Activity →
Leave the pictures out. Return the rest of the listing below exactly.

Data →
[Start of Attachment]
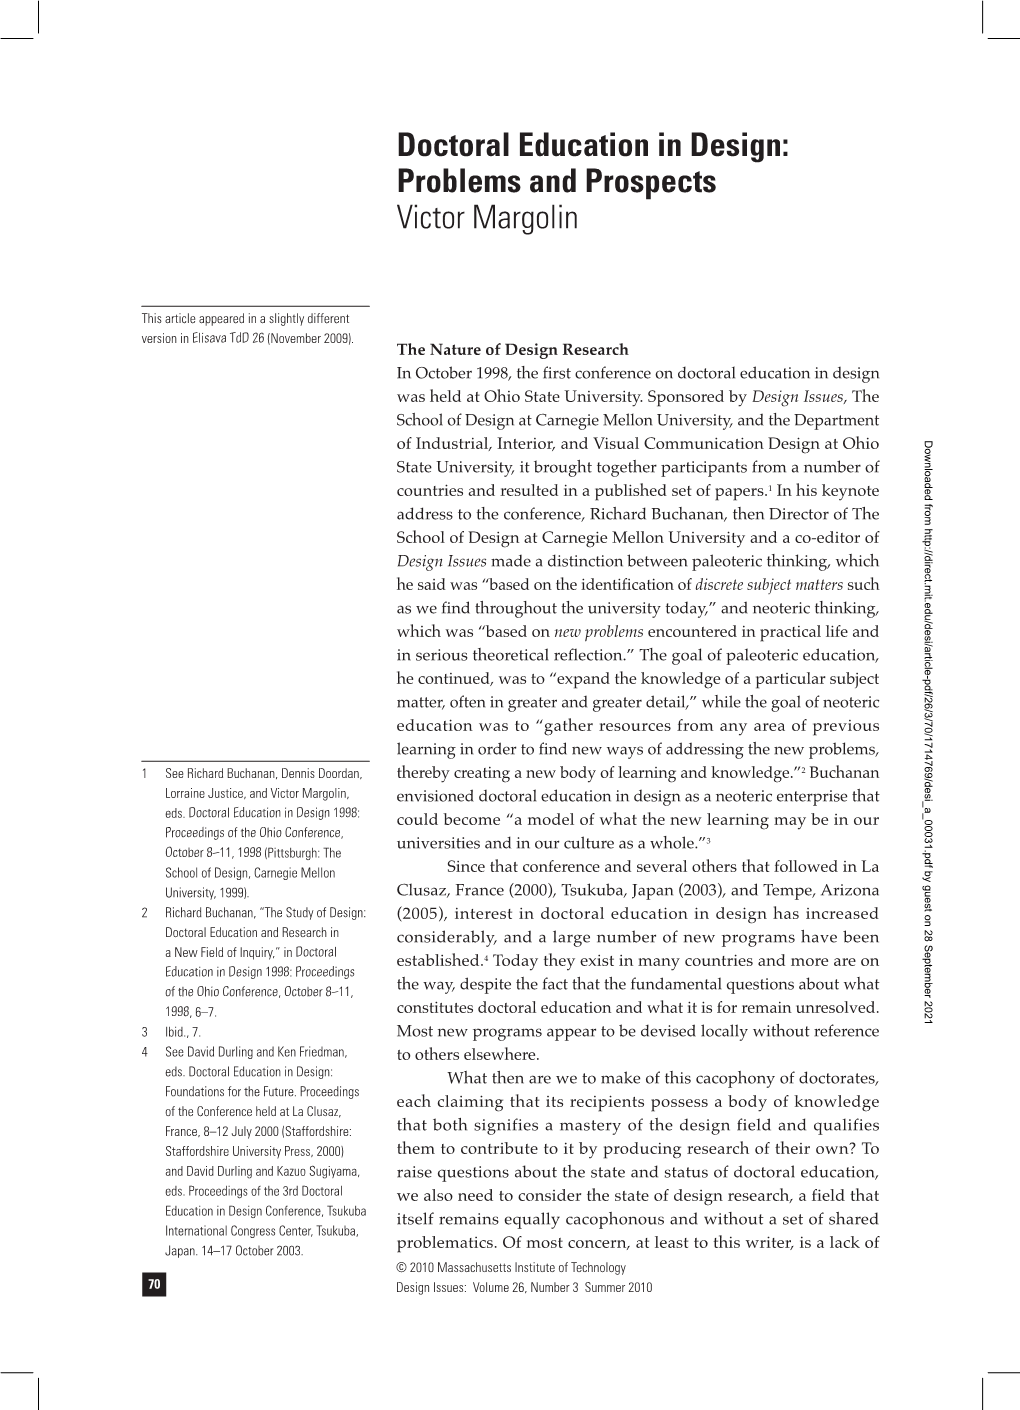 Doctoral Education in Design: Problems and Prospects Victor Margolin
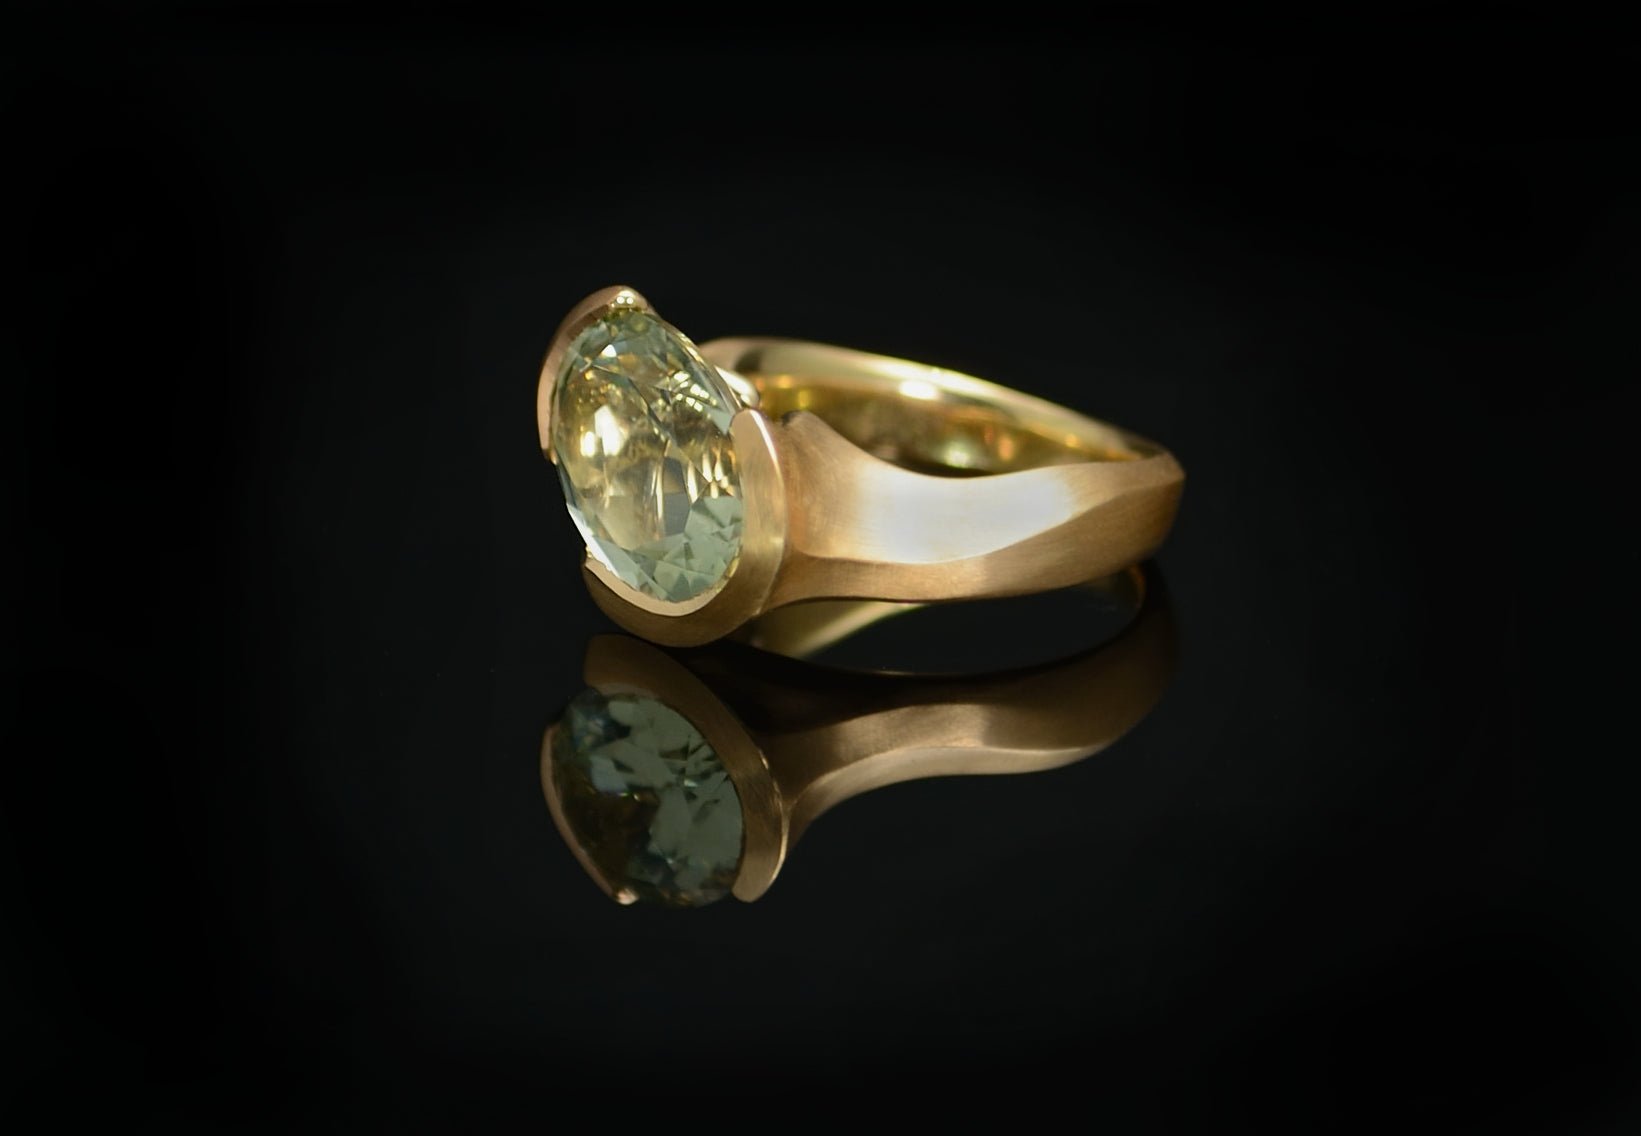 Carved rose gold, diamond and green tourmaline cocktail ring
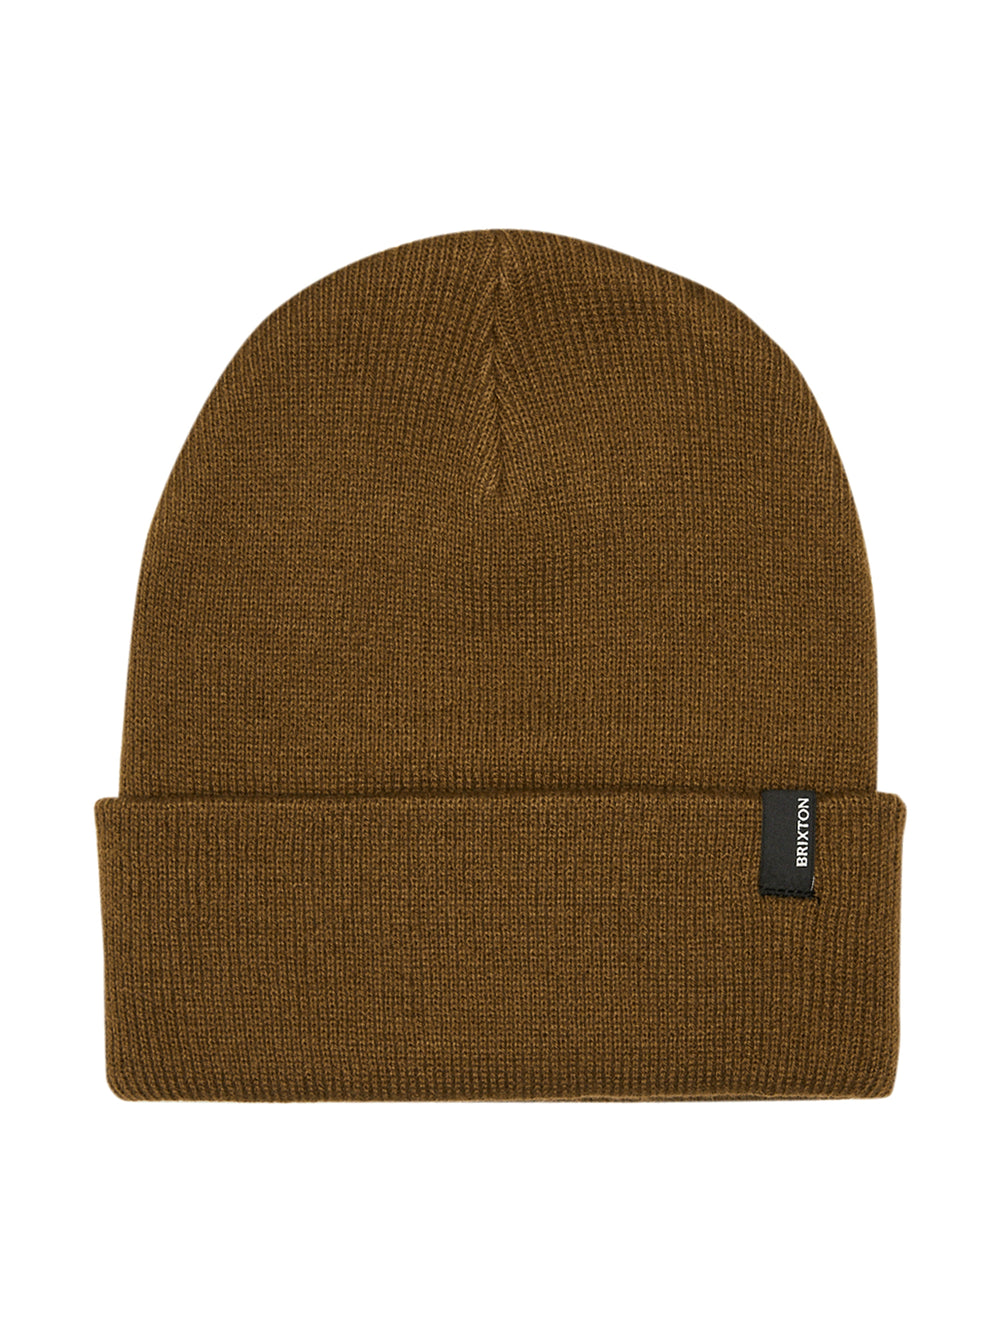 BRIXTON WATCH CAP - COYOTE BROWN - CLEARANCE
[End of Attachment]
Exercise response →
 Doctoral Education in Design: Problems and Prospects Victor Margolin
 Carved rose gold, diamond and green tourmaline cocktail ring
 BRIXTON WATCH CAP - COYOTE BROWN - CLEARANCE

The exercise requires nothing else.